Saúl Ibarra Corretgé

unread,

Aug 28, 2012, 7:55:35 AM8/28/12

to li...@googlegroups.com

Hi all,

I'm looking into implementing a small performance optimization on pyuv,
which consists on creating the Python string object early (on alloc_cb)
and then passing its internal buffer to libuv, so later I don't need to
copy any buffer.
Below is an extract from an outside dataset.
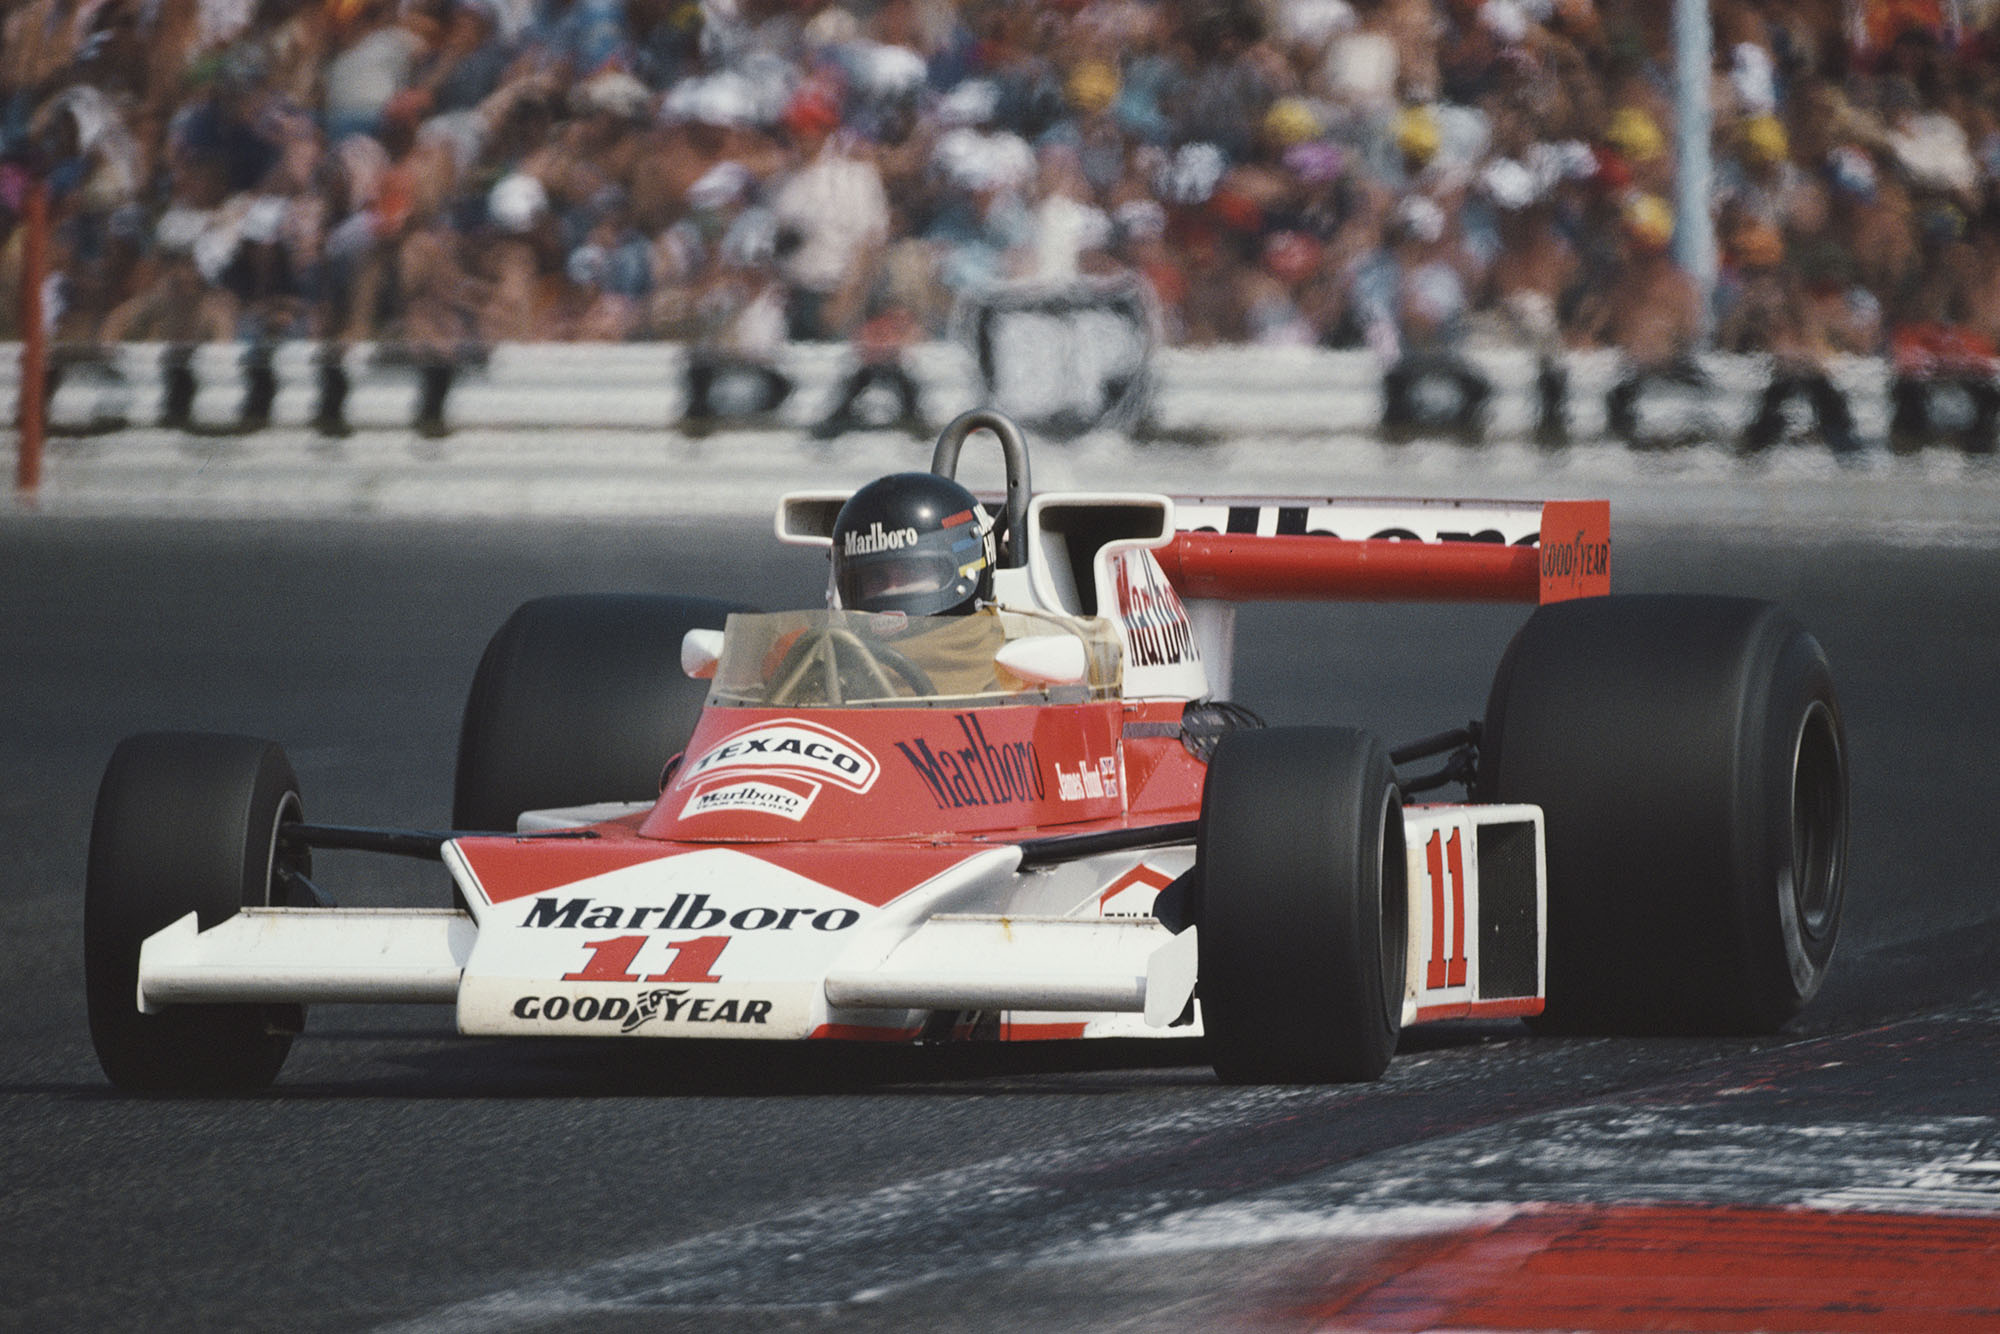 James Hunt (McLAren) at the 1976 French Grand Prix, Paul Ricard.

This works because the Python object is not visible
anywhere until is given to the user in the on_read_cb, so we can mangle
the internals ;-)

However, the suggested size (64k) is quite big and shrinking the Python
string down so much actually has the opposite effect I'm trying to
achieve :-S If I disregard the suggested_size and use a smaller value,
say 4096 results are as expected, that is, there is a performance gain
in preallocating the Python string object. (this pattern is used by
CPython itself)

It would be nice to be able to set the suggested size when calling
uv_read_start, so that the user can control it. While I can do it in
pyuv I's rather mirror libuv as much as possible.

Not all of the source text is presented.